### TASK OBJECTIVE:
Please quote exactly the lines below from the line containing "Salão Paulista de" to the line containing "Resultados del Lotto", both lines included, and nothing else.

INPUT DATA: Begin

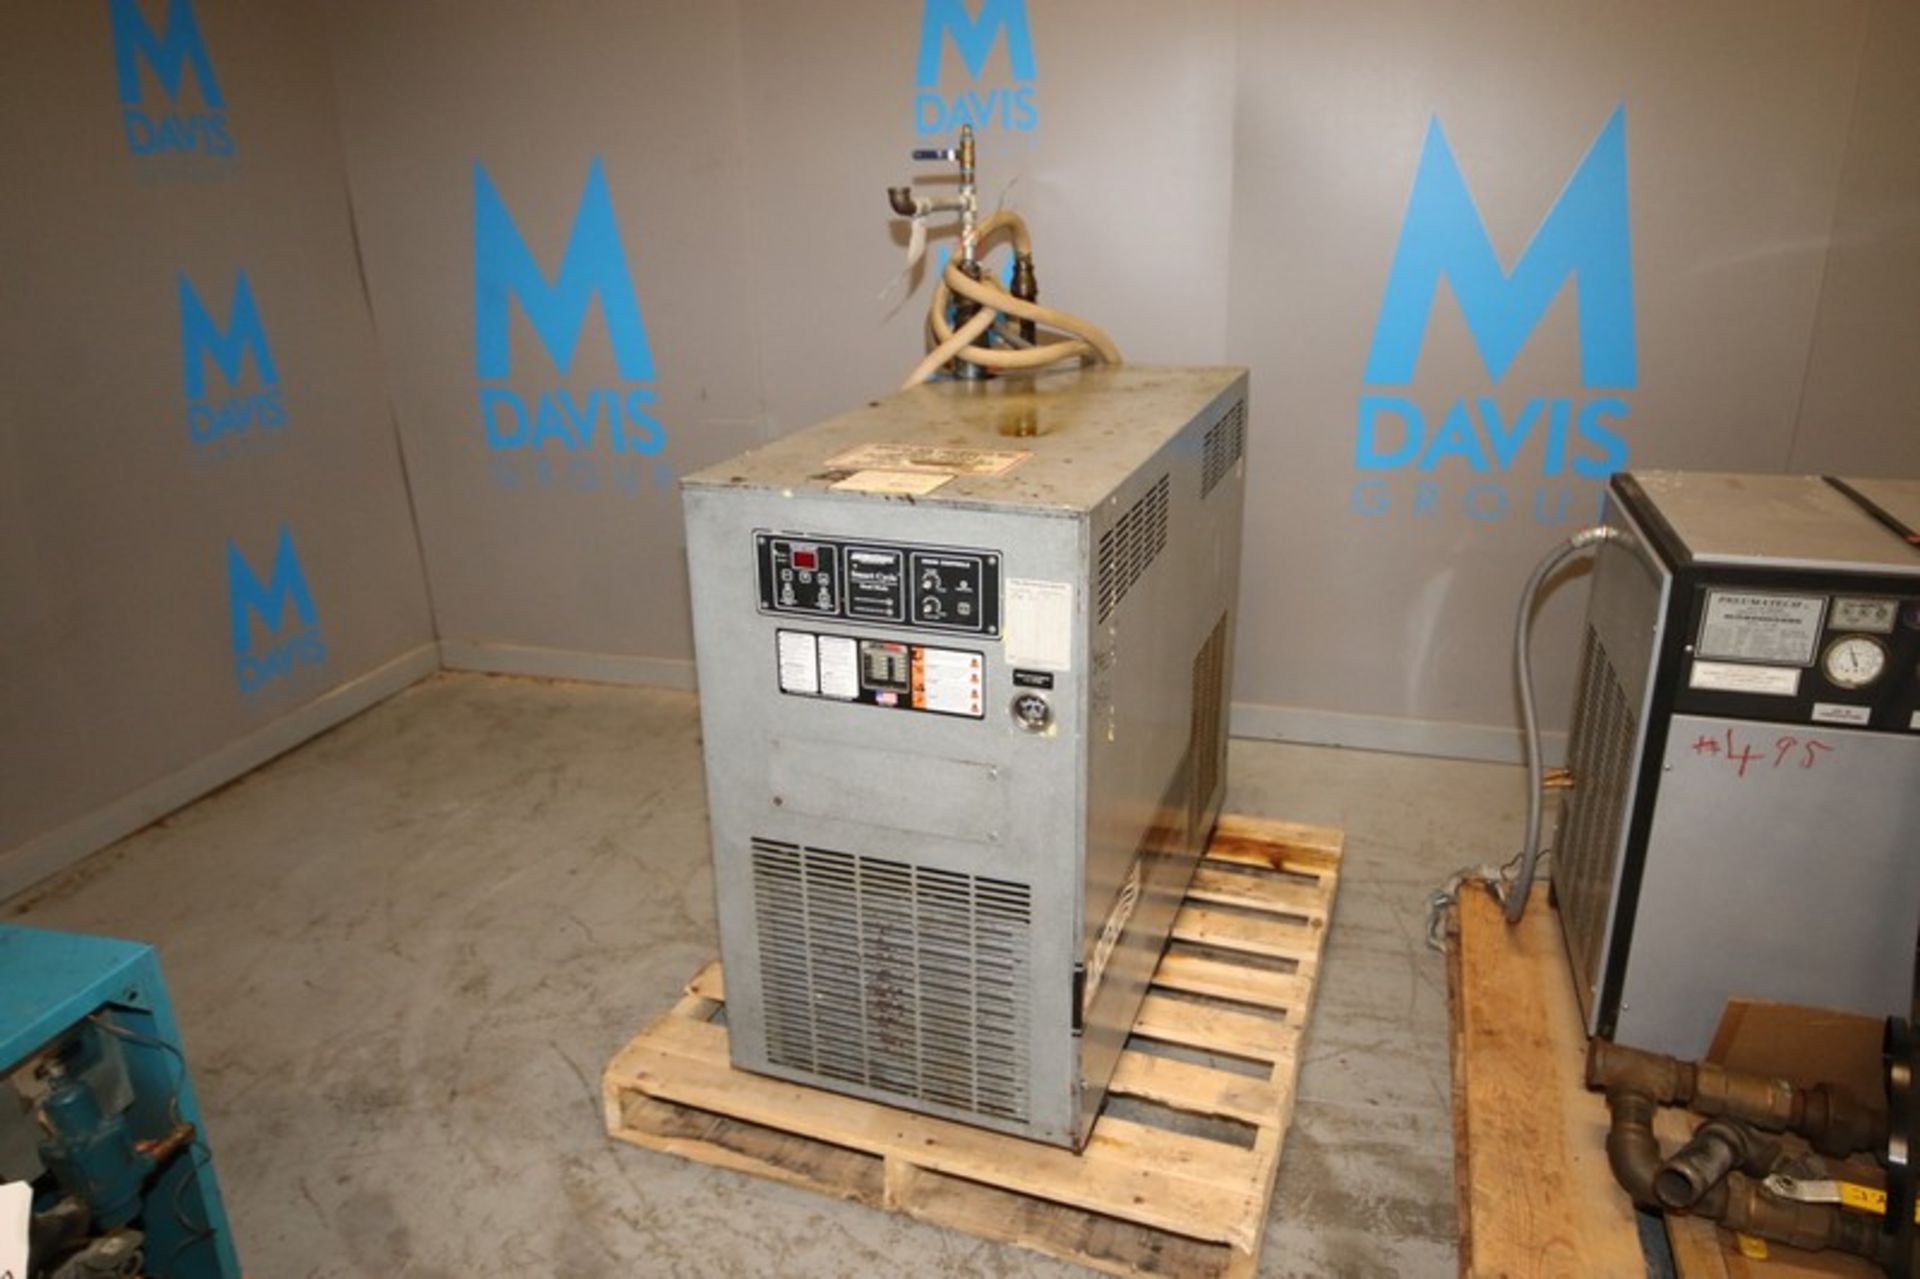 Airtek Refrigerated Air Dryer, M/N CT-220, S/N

INPUT DATA: End
INPUT DATA: Begin

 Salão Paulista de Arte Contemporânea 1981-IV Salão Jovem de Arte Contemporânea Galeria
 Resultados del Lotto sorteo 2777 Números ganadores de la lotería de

INPUT DATA: End
INPUT DATA: Begin

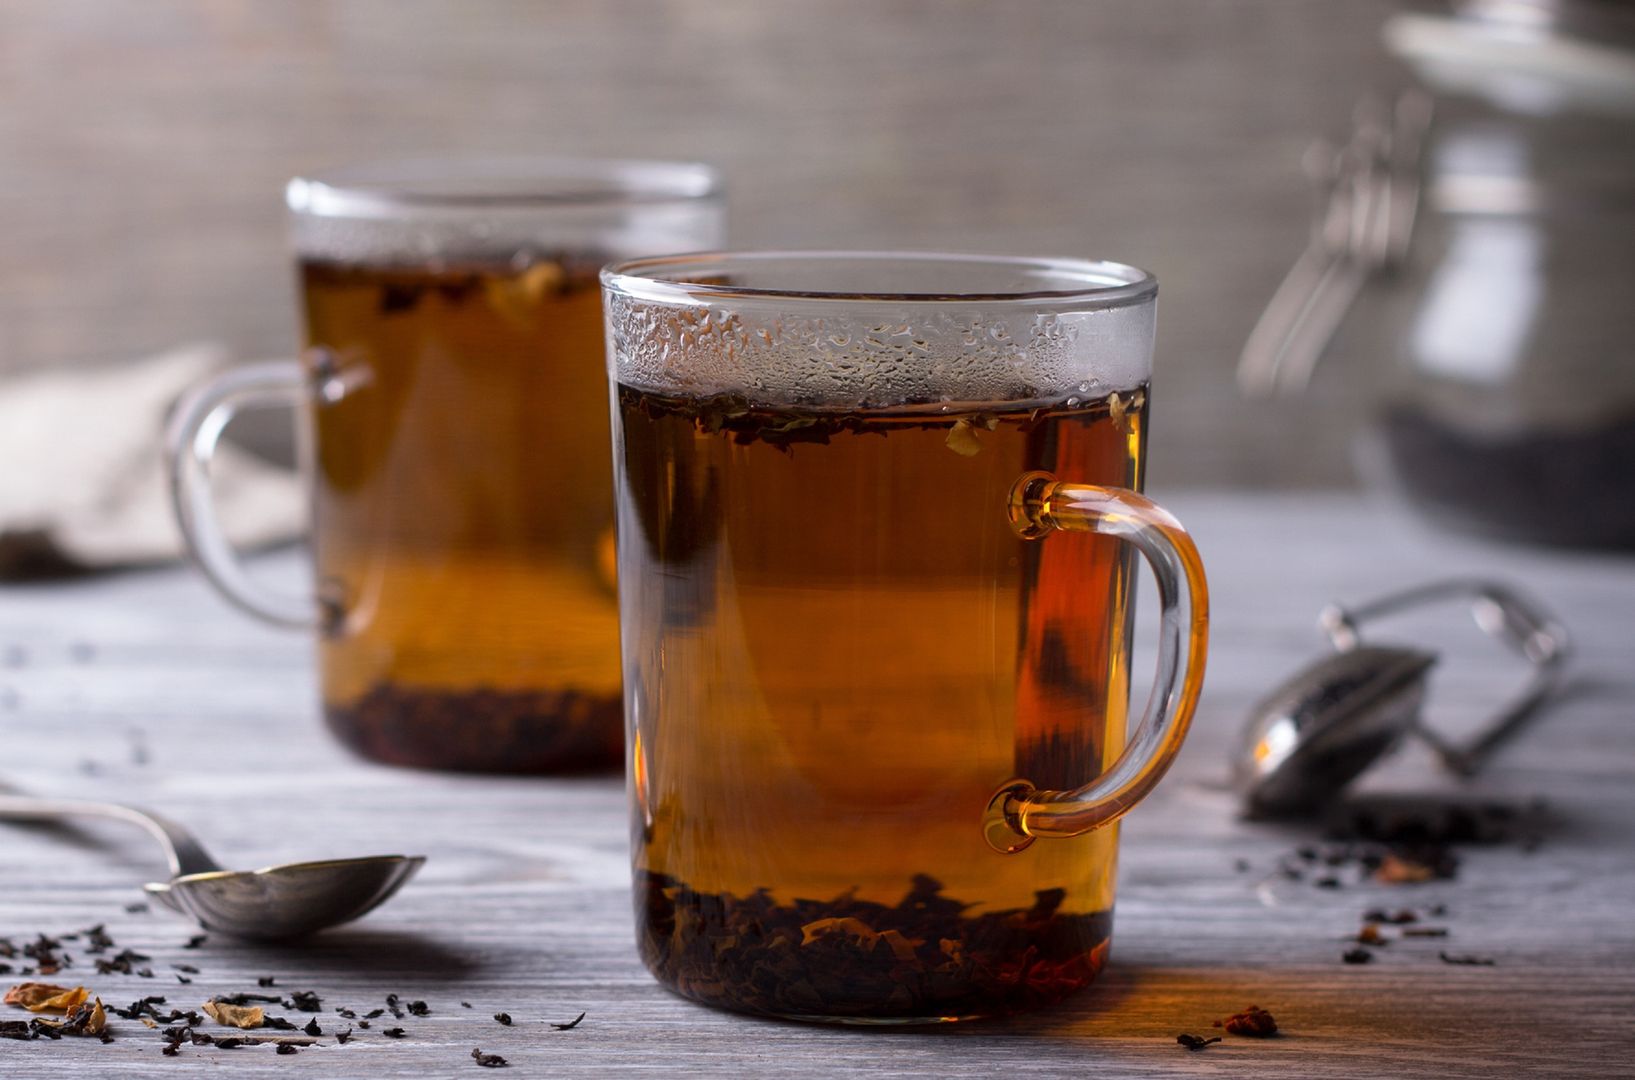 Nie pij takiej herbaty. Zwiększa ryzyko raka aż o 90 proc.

INPUT DATA: End

### PROBLEM SOLUTION:
 Salão Paulista de Arte Contemporânea 1981-IV Salão Jovem de Arte Contemporânea Galeria
 Resultados del Lotto sorteo 2777 Números ganadores de la lotería de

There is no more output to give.